Directions for this task:
Give back the data exactly, with no images.

Given data:

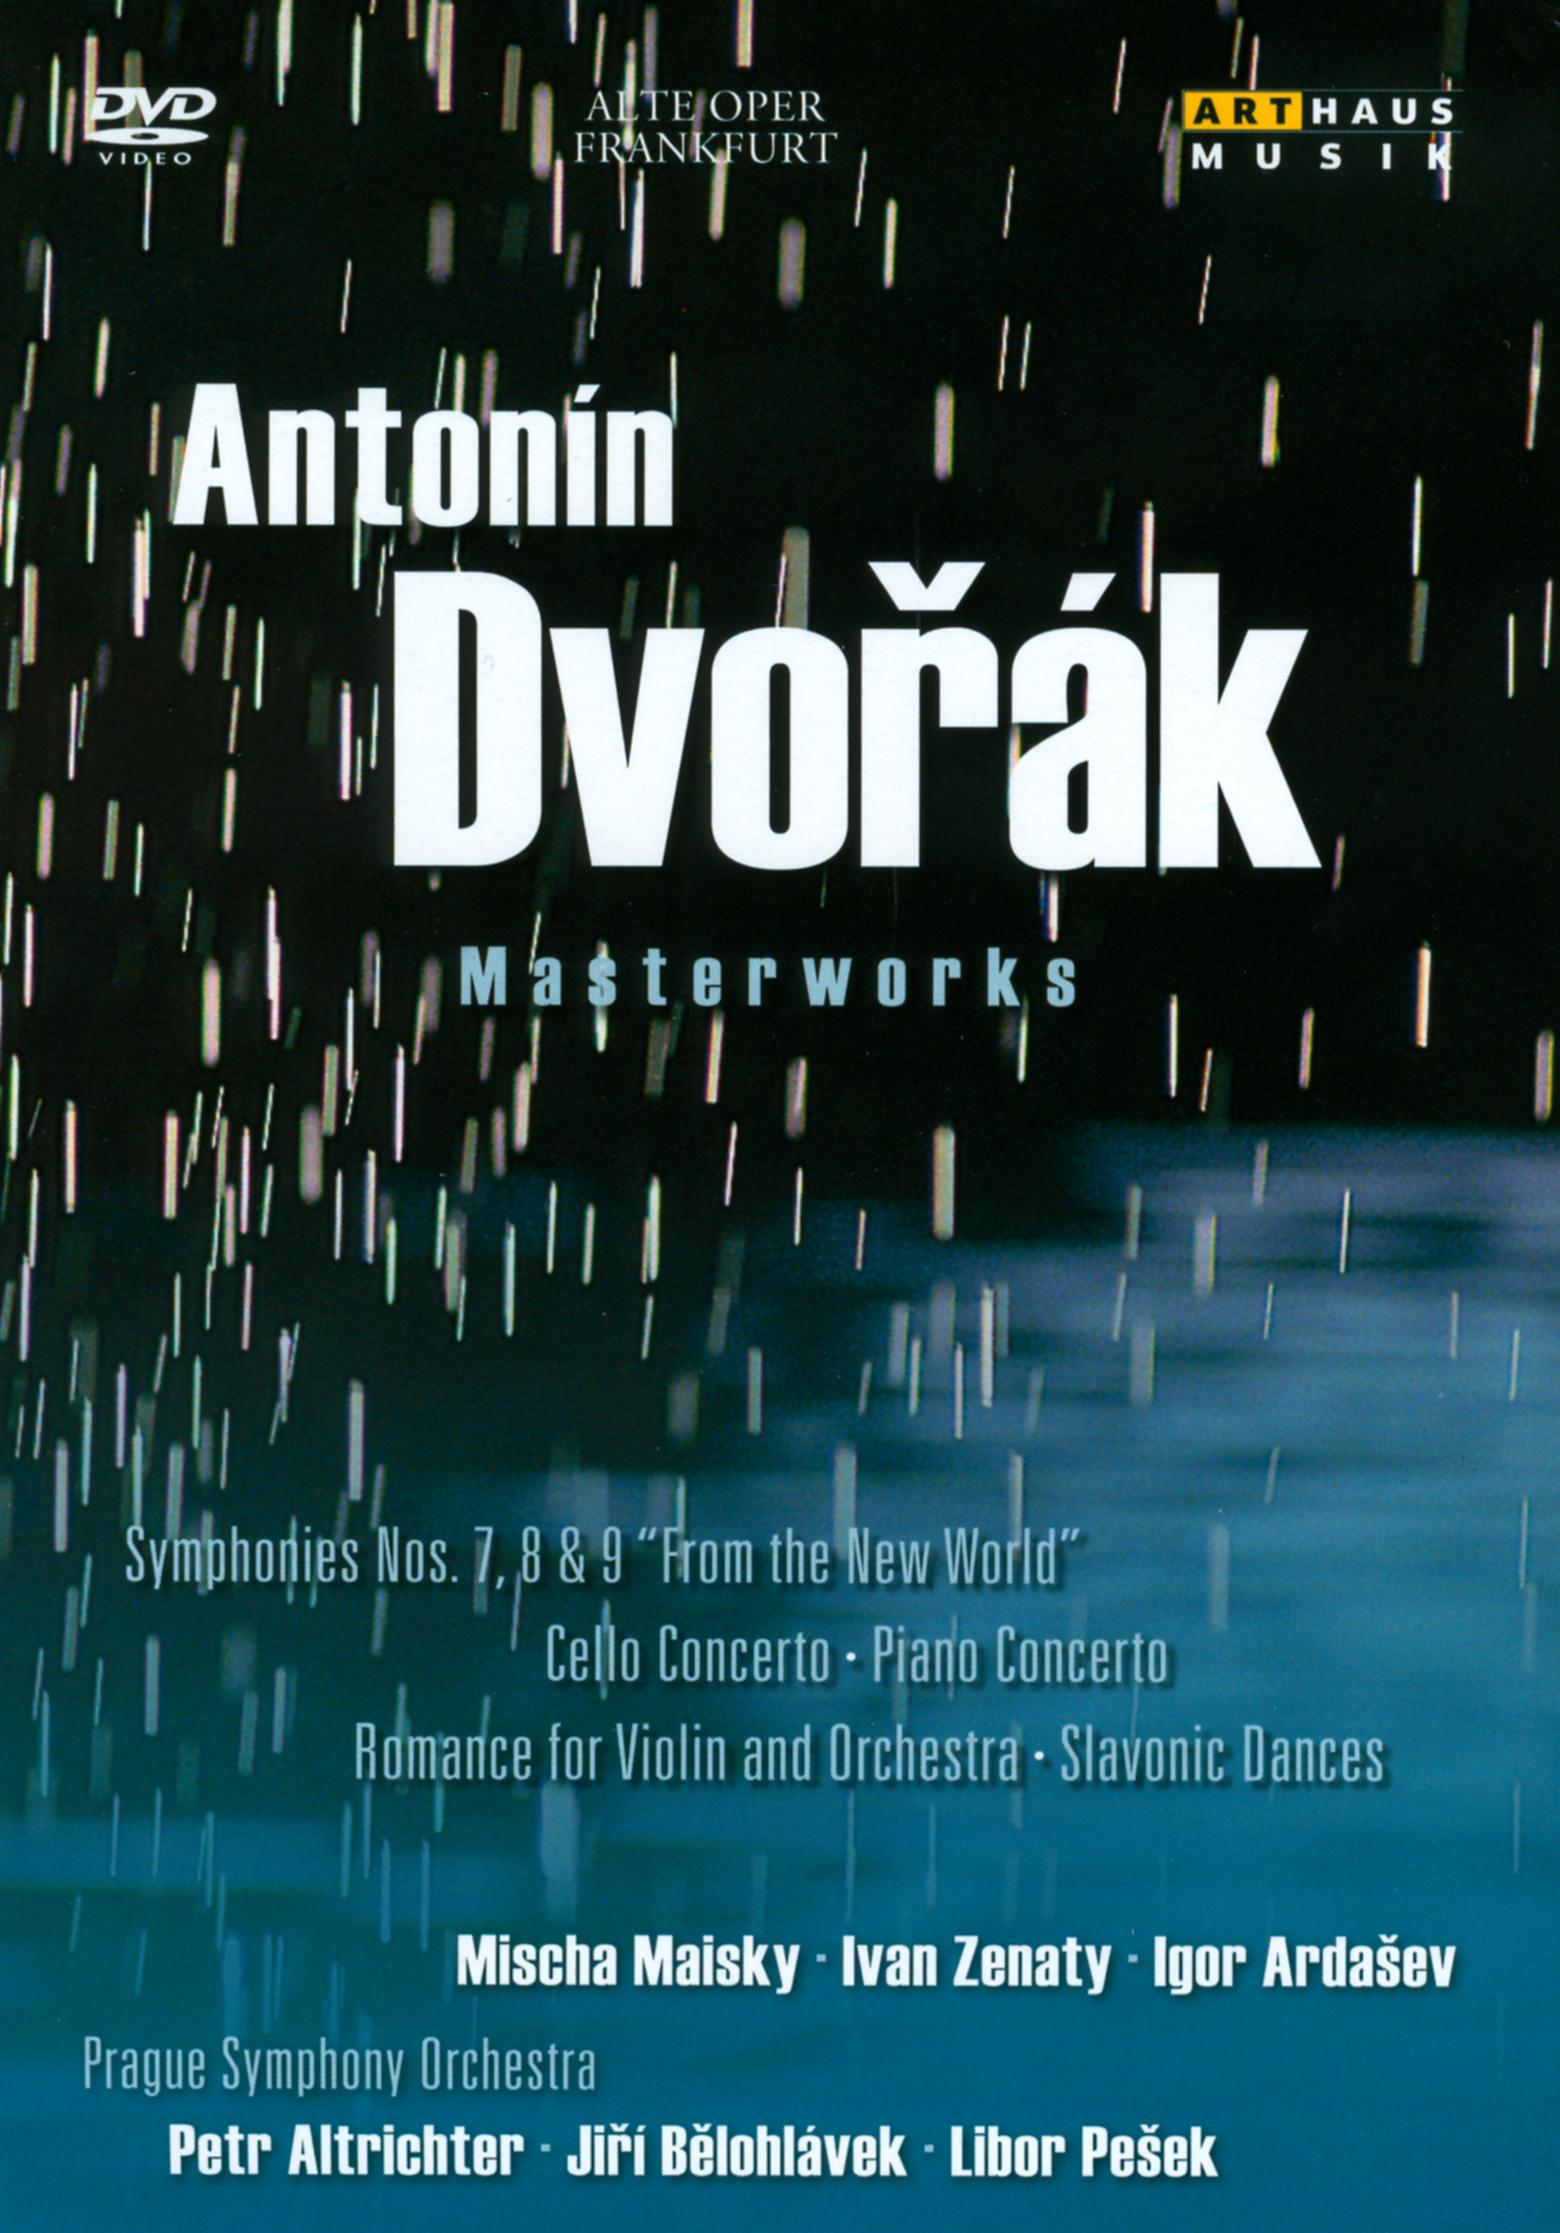 Mischa Maisky/Ivan Zenaty/Igor Ardasev: Antonin Dvorak Masterworks
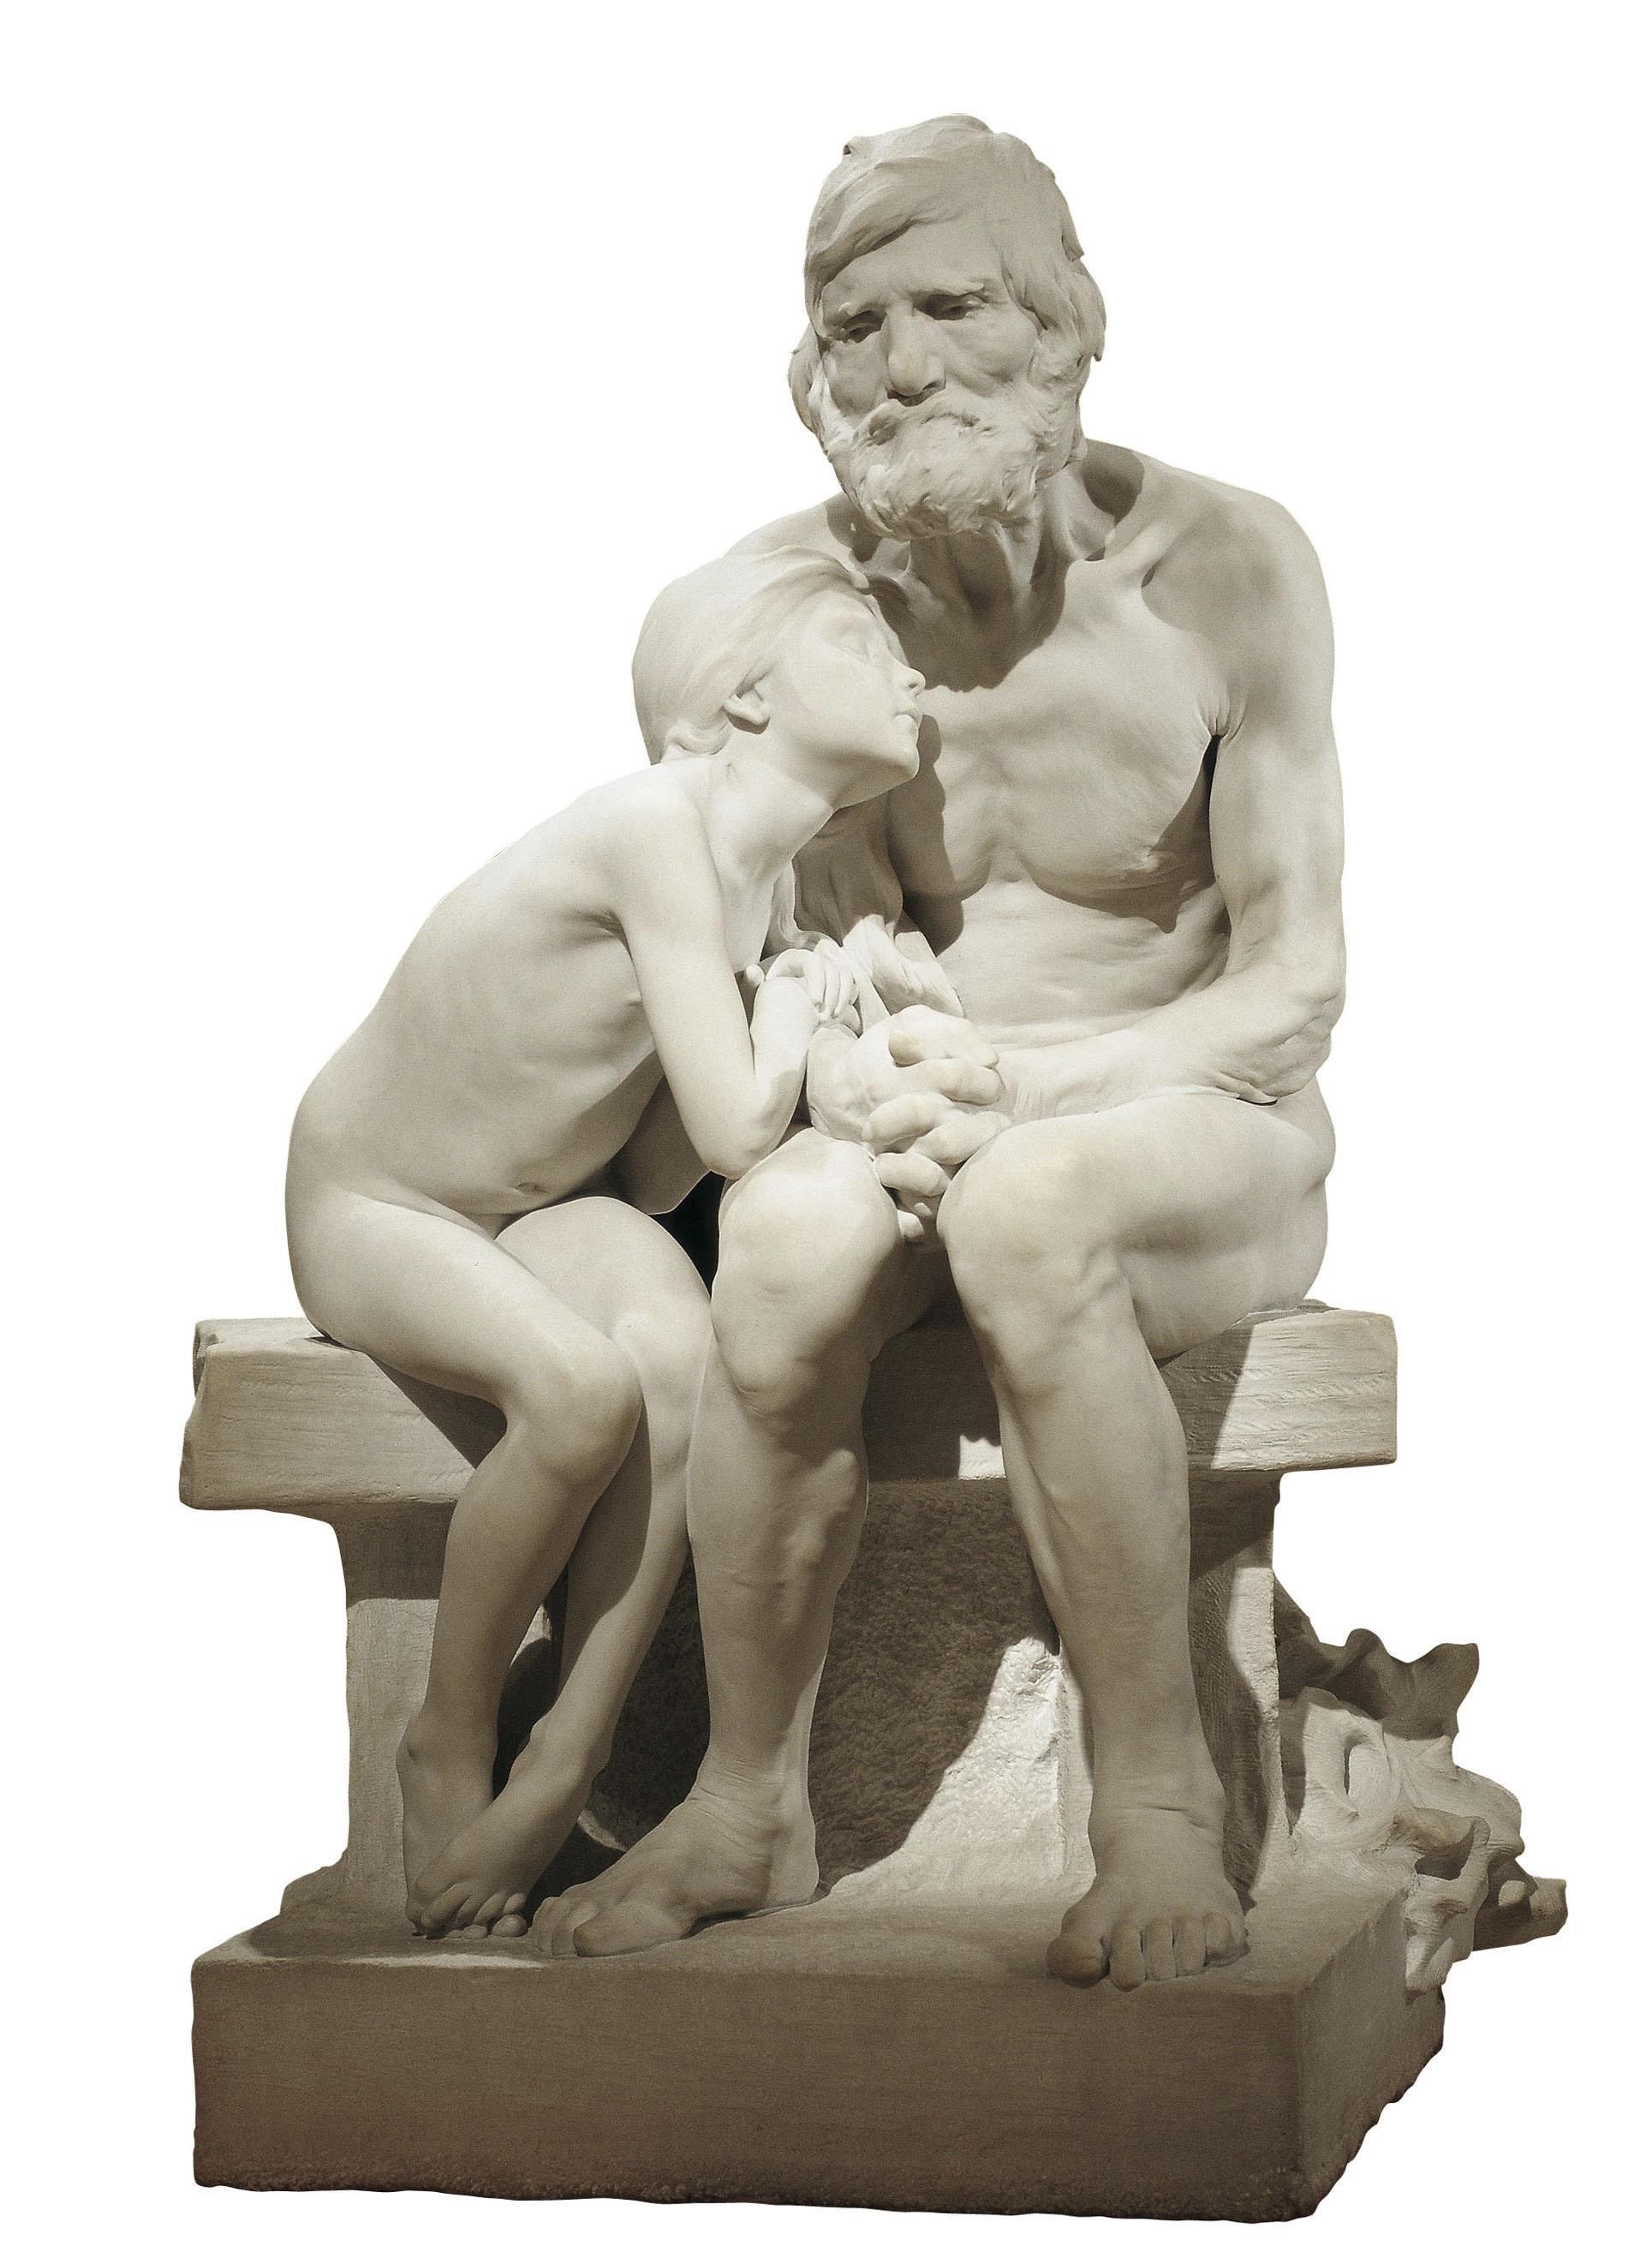 Miquel Blay, Els primers freds, 1892
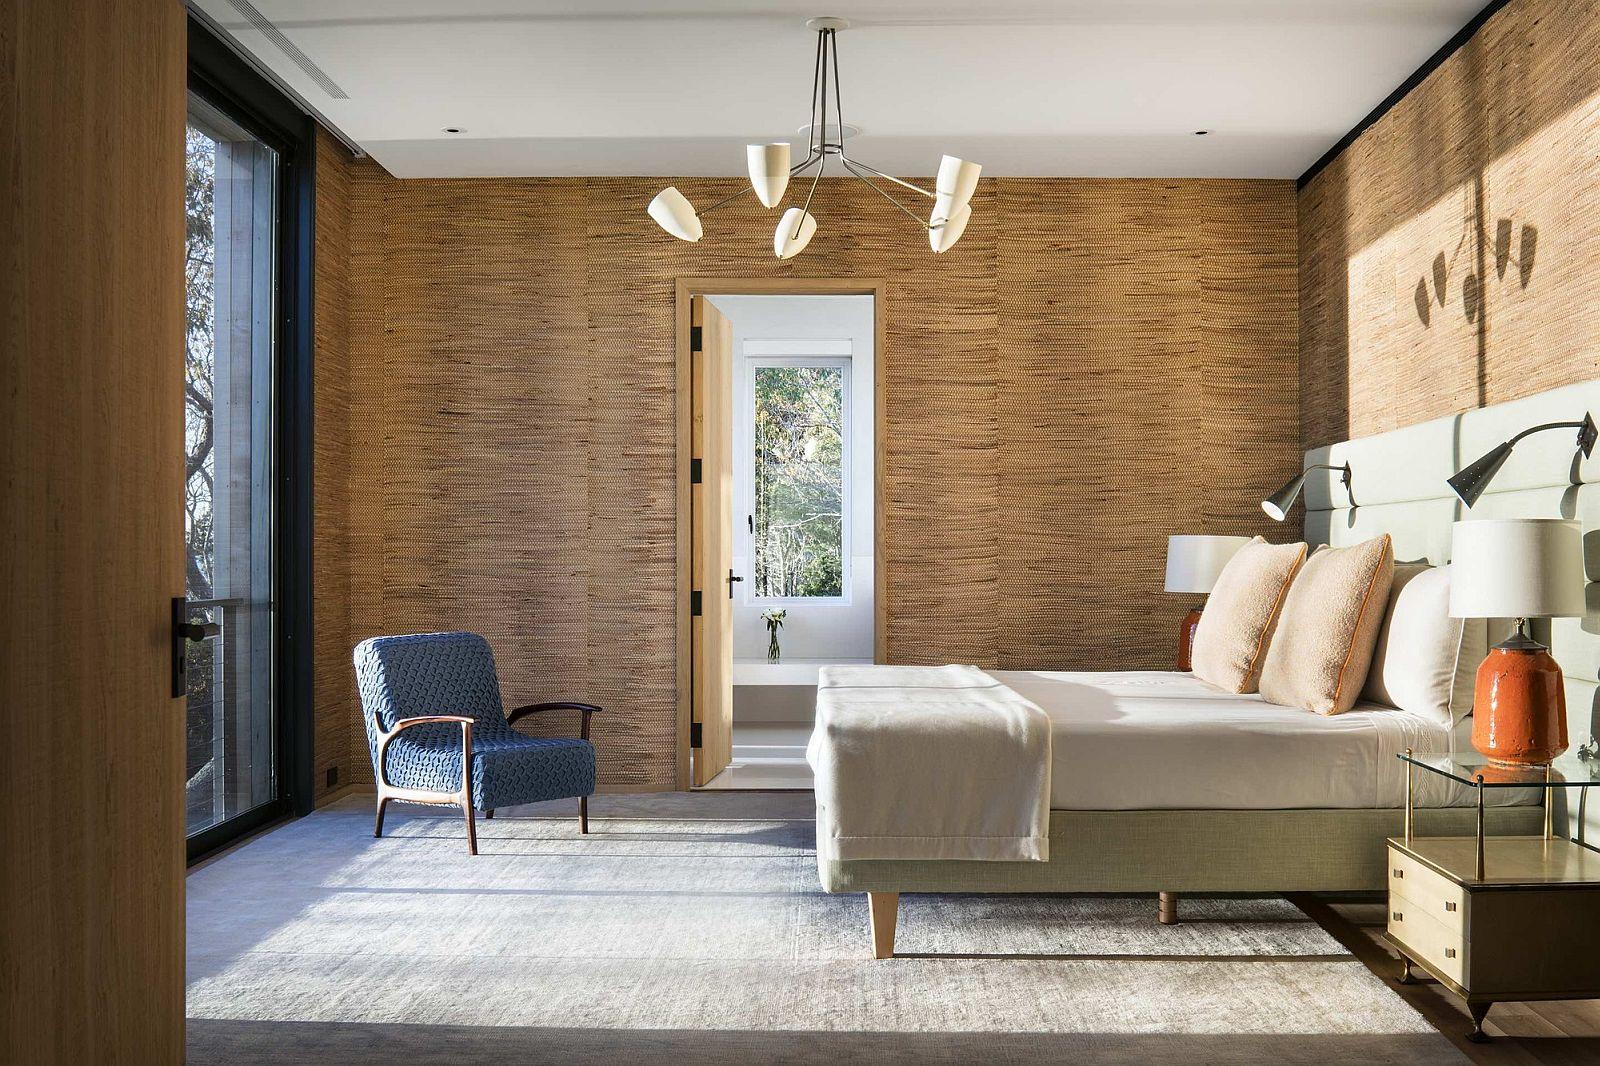 Serene-and-stylish-upper-level-bedroom

Task solution:
 Mischa Maisky/Ivan Zenaty/Igor Ardasev: Antonin Dvorak Masterworks
 Miquel Blay, Els primers freds, 1892
 Serene-and-stylish-upper-level-bedroom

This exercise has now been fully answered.